The fragment worked furiously. It wasn't just consuming the physical toxins; it was parsing the emotional and historical data woven into them. It was a full-spectrum assimilation. Xiao Feng felt his own consciousness thinning, stretched between the agony of his body and the flood of alien memories—a sword breaking, a curse screamed into mud, the slow embrace of root and rot.

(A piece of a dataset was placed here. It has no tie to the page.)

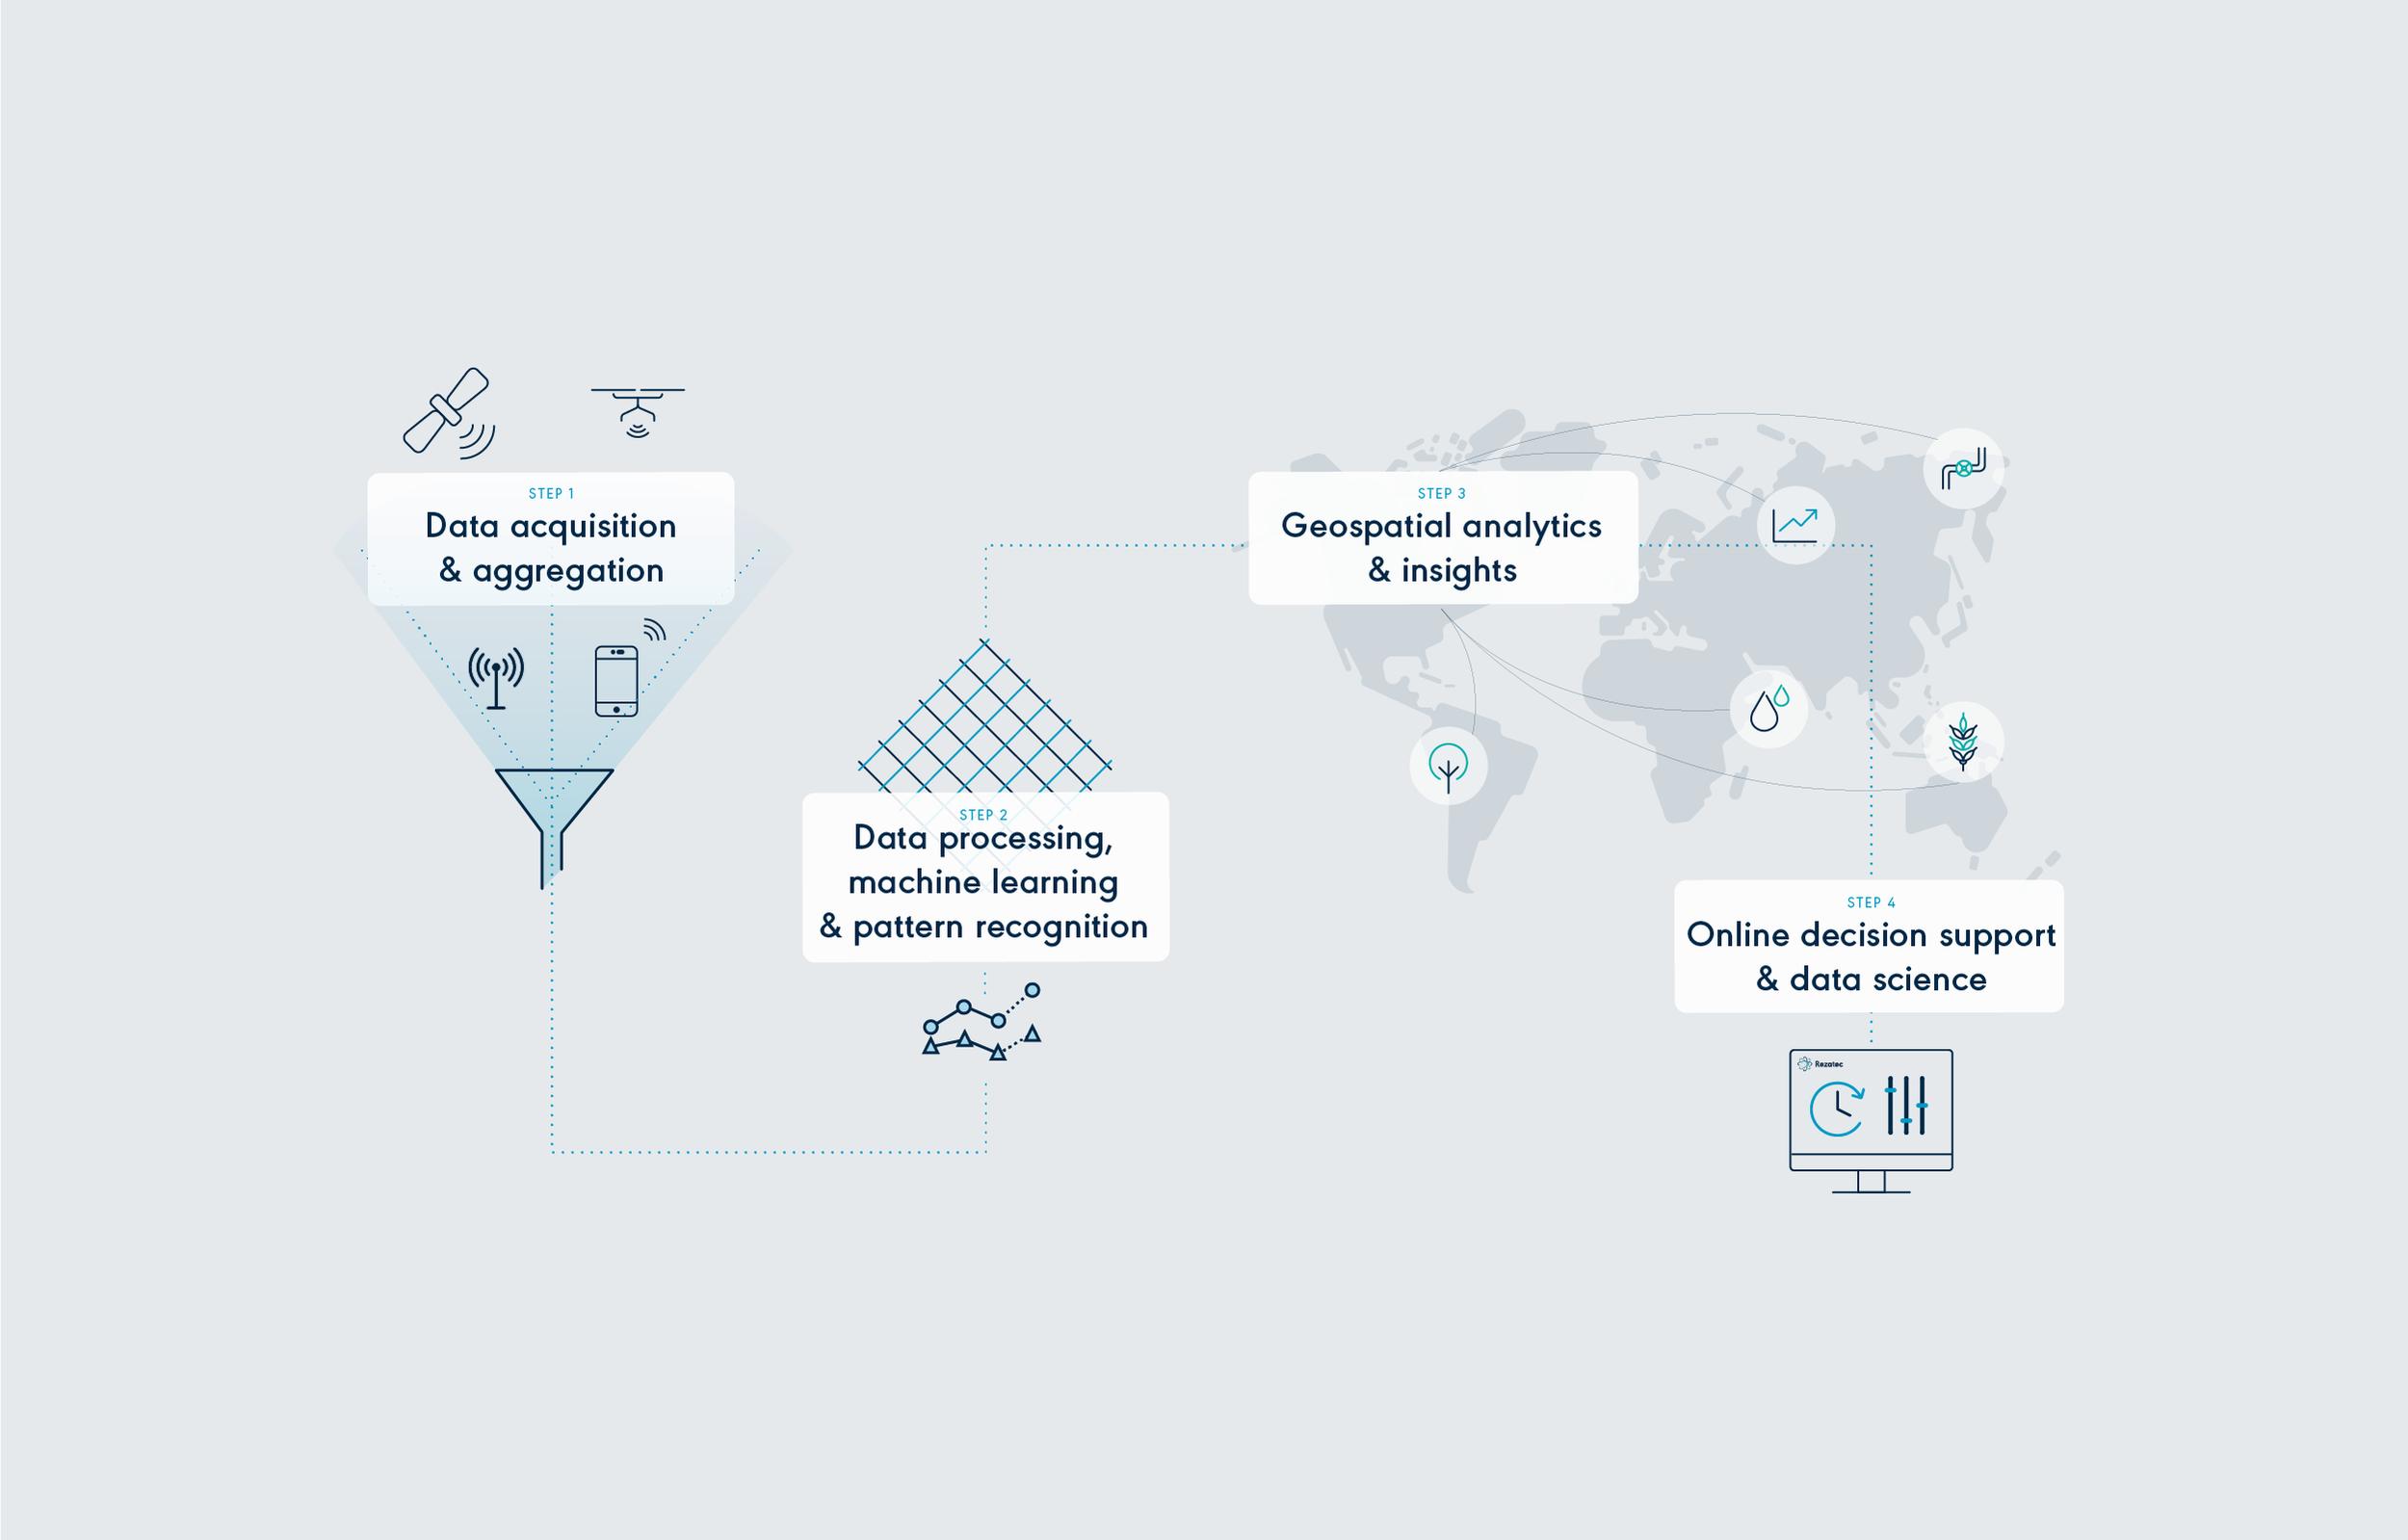 Rezatec_Analyzing_Earths_Data_Services_Diagram_Tunbridge_Studio.png
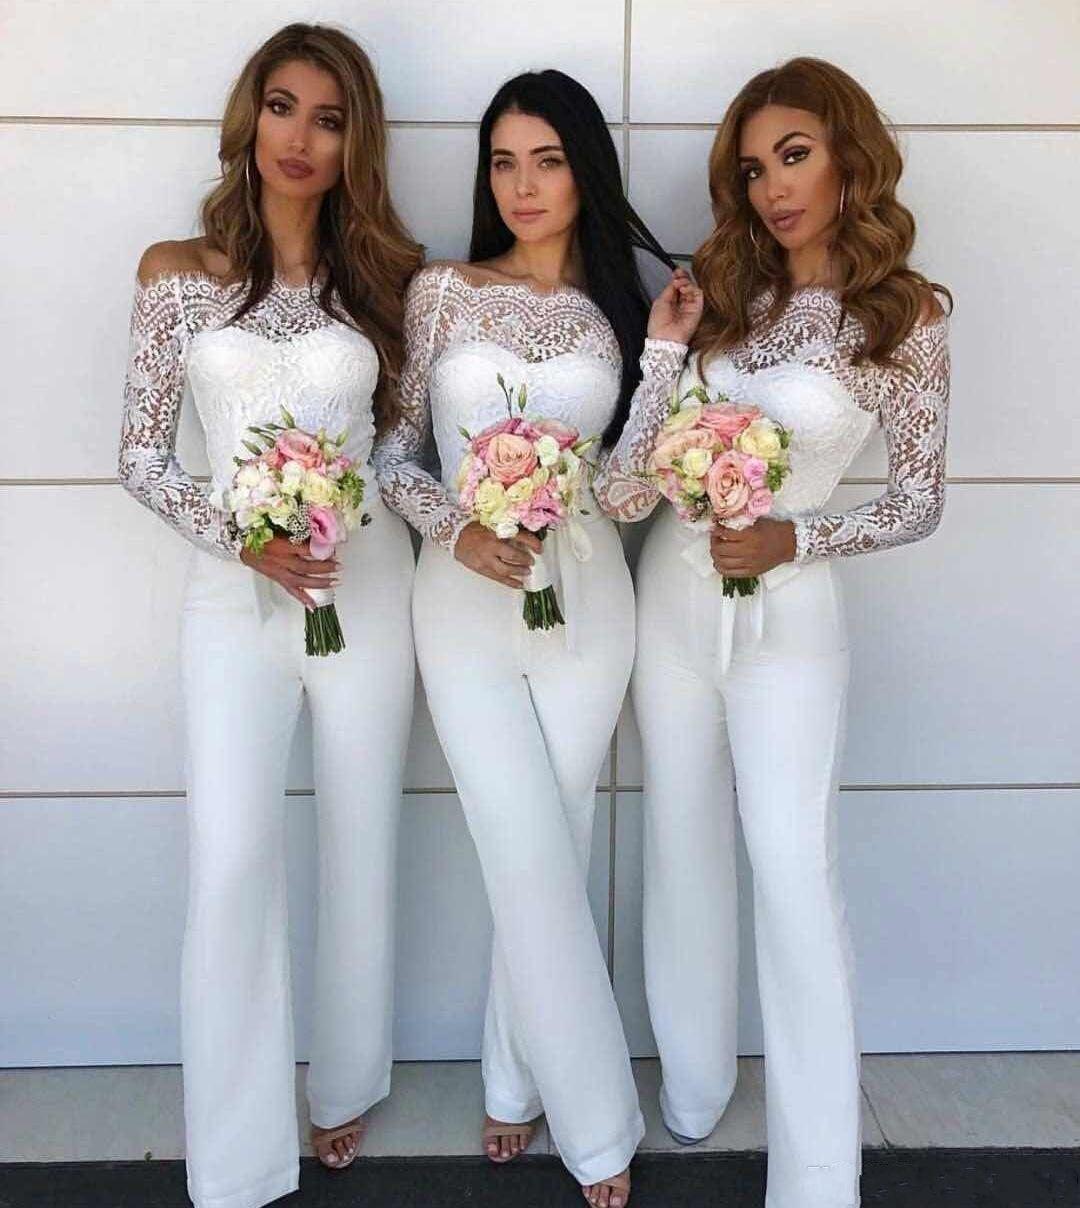 a118dd61b91 2018 Off Shoulder Lace Jumpsuit Bridesmaid Dresses For Wedding Sheath  Backless Wedding Guest Pants Gowns Plus Size Pant Suit Beach Affordable  Bridesmaids ...

He held on by a single, fraying thread: the memory of his mother's hand, warm and alive.

He didn't know how long he stood there. Time became the rhythm of consumption. Inhale corruption. Exhale purified, dark power. His dantian swelled, straining at its new limits. The foreign energies weren't just stored; they were forced into a brutal synergy. The Bloom's Rot-Dao tempered the beast-rages, giving them a slow, grinding patience. The ancestral hatred sharpened the lightning, giving it a cruel, spiteful edge.

He was no longer just a patchwork. He was a crucible where opposing poisons were being forged into a new, unified toxin.

Suddenly, the attack ceased. The spore-cloud pulled back, retreating to the valley below. The Bloom had spent a significant portion of its defensive energy, and this strange, devouring rock on the cliff gave nothing back. It was an unsatisfying exchange for the fungus.

Xiao Feng collapsed to his knees, vomiting a black, viscous liquid that steamed on the stone. His skin was covered in a lattice of fine, green cracks that slowly faded as his reinforced body fought the residual damage. He shook uncontrollably, not from cold, but from systemic shock.

But he was alive. And he was changed.

REMOTE FEEDING CONCLUDED. ROT-DAO PRINCIPLE INTEGRATED. ANCESTRAL HATRED ARCHIVES PARTIALLY DECODED.

CULTIVATION BASE AT CRITICAL SATURATION. BREAKTHROUGH TO QI GATHERING STAGE FIVE IMMINENT.

WARNING: HEAVENLY BRAND ACTIVITY SPIKING. SIGNATURE NOW BEARING DISTINCT CORRUPTION/DEVOURING ATTRIBUTES. DETECTION RISK: ELEVATED.

Stage Five. At the cusp of mid-stage Qi Gathering. In mere weeks, he had traversed a path that took ordinary disciples years. He had done it by feasting on the sect's shadows.

He pushed himself up, his body feeling both heavier and more potent. He looked down at the Festering Bloom, now pulsing with what seemed like sullen annoyance.

A grim, twisted sense of gratitude washed over him. This sect, with its pits and poisons, was the perfect teacher. It taught only one lesson: consume or be consumed.

He turned from the cliff, his steps firmer. The walk back was a haze of exhaustion and dawning power. As he slipped into the barracks just before dawn, a single, clear realization settled in his soul, colder than the fragment's void:

He was no longer just hiding from the inner sect disciples.

He was preparing a meal for them.

The mark of the eater was upon him, and his hunger was now a deliberate, patient thing. The Verdant Dragon Sect had many such gardens. He would visit them all. And when he was strong enough, he would turn from the discarded tribulations to the source.

He would eat the cultivators themselves.